From the late 16th century to the early 19th century, there were several known cases in Swedish military history of people assigned female at birth dressing and presenting as men, especially in the early 18th century. The most famous case was the one of Ulrika Eleonora Stålhammar in 1728. An unnamed person, who served in the Great Northern War, was whipped as a punishment, but continued to wear male clothing until the 1740s, when they were known on the streets of Stockholm as "The Rider"; Maria Johansdotter, who was put on trial in Stockholm in 1706 for having dressed as a man and served as a parish clerk, was given a sentence of eight days in jail and then set free.

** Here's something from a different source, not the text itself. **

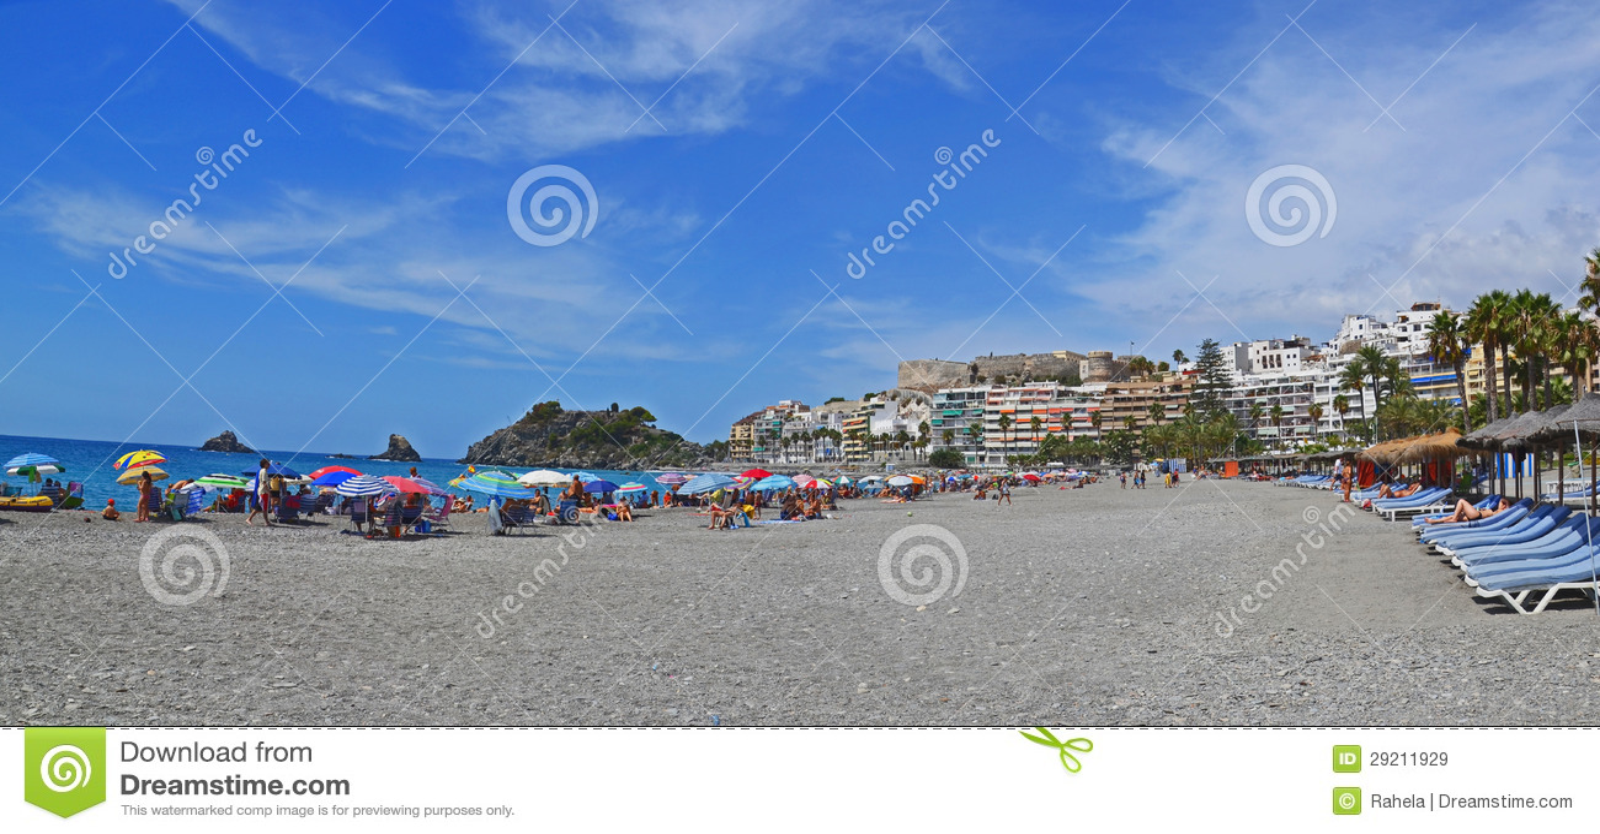 Station touristique Almunecar de bord de la mer en Espagne, panorama

Most of the cases did not lead to execution, as in the case of Lisbetha Olsdotter.

==Sources==
- Liliequist, Jonas (2002). "Kvinnor i manskläder och åtrå mellan kvinnor: kulturella förväntningar och kvinnliga strategier i det tidigmoderna Sverige och Finland”. Makalösa kvinnor (Stockholm, 2002): sid. 93 f.. Libris 9236174
- Lisbetha Olsdotter i Wilhelmina Stålberg, Anteckningar om svenska qvinnor (1864)
- Västerbottens-Kuriren 4/2 2003
- Svenska Familj-Journalen, band 18, årgång 1879
- glbtq, social sciences, Sweden
- Anna Ivarsdotter Johnsson och Leif Jonsson : Musiken i Sverige, Frihetstiden och Gustaviansk tid 1720–1810
- Borgström Eva, red (2002). Makalösa kvinnor: könsöverskridare i myt och verklighet. Stockholm: Alfabeta/Anamma. Libris 8707902. ISBN 91-501-0191-9 (inb.)
- SE/SSA//0144/02/Norra förstadens kämnärsrätt/A1A Protokoll i civil- och kriminalmål/Volym 25/1679/s. 674–678
- Fur, Gunlög. “Reading Margins: Colonial Encounters in Sápmi and Lenapehoking in the Seventeenth and Eighteenth Centuries.” Feminist Studies 32, no. 3 (Fall 2006): 491–521.